The company noted that biosimilar Tyruko, developed by Polpharma Biologics, has been approved for all indications of reference medicine, as first and only biosimilar to treat relapsing forms of multiple sclerosis or MS in Europe.
The authorization covers treatment as a single disease-modifying therapy or DMT in adults with highly active RRMS, the same indication as approved by the EC for the reference medicine Tysabri (natalizumab).

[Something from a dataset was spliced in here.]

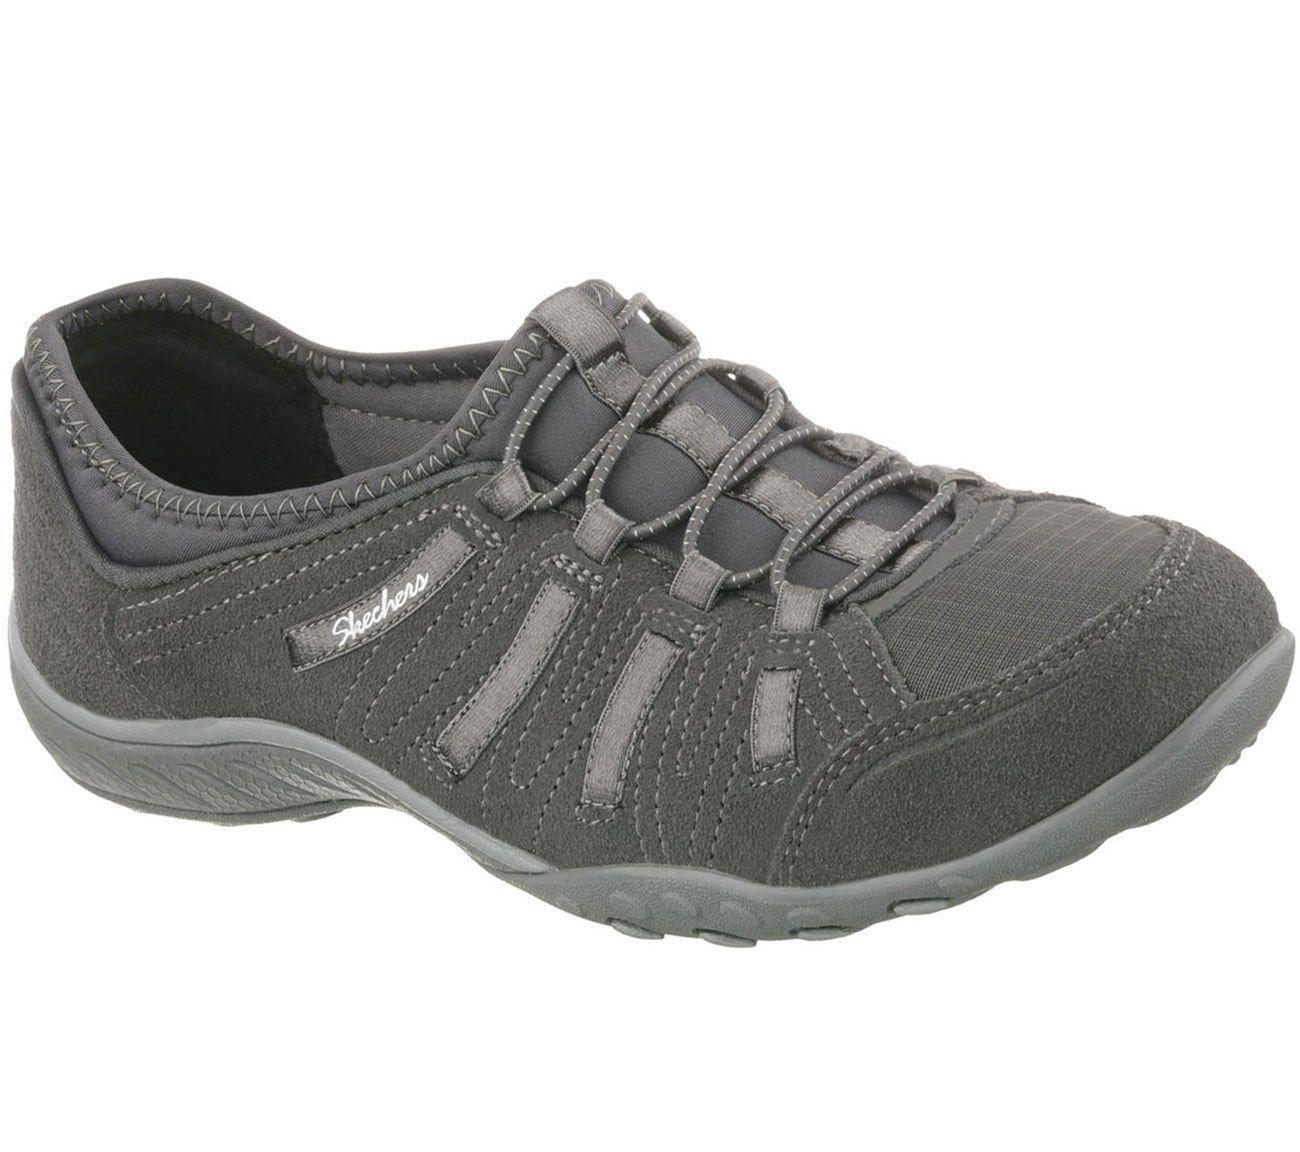 217bcbcc26ca 22478 Charcoal Skechers Shoe Memory Foam Women Comfort Casual Slip On Suede  Mesh

The EC decision was based on evidence from extensive analytical characterization demonstrating similarity of biosimilar with reference biologic, in addition to Phase I and confirmatory Phase III studies.
MS is a chronic inflammatory and neurodegenerative disease of the central nervous system. Early treatment with DMTs can change the course of a person's MS and reduce future disability.
It was in 2019 that Sandoz entered into a global commercialization agreement for biosimilar natalizumab with Polpharma Biologics. Under the deal, Polpharma Biologics will maintain responsibilities for development of medicine, manufacturing and supply of drug substance. Through an exclusive global license, Sandoz has the rights to commercialize and distribute it in all markets.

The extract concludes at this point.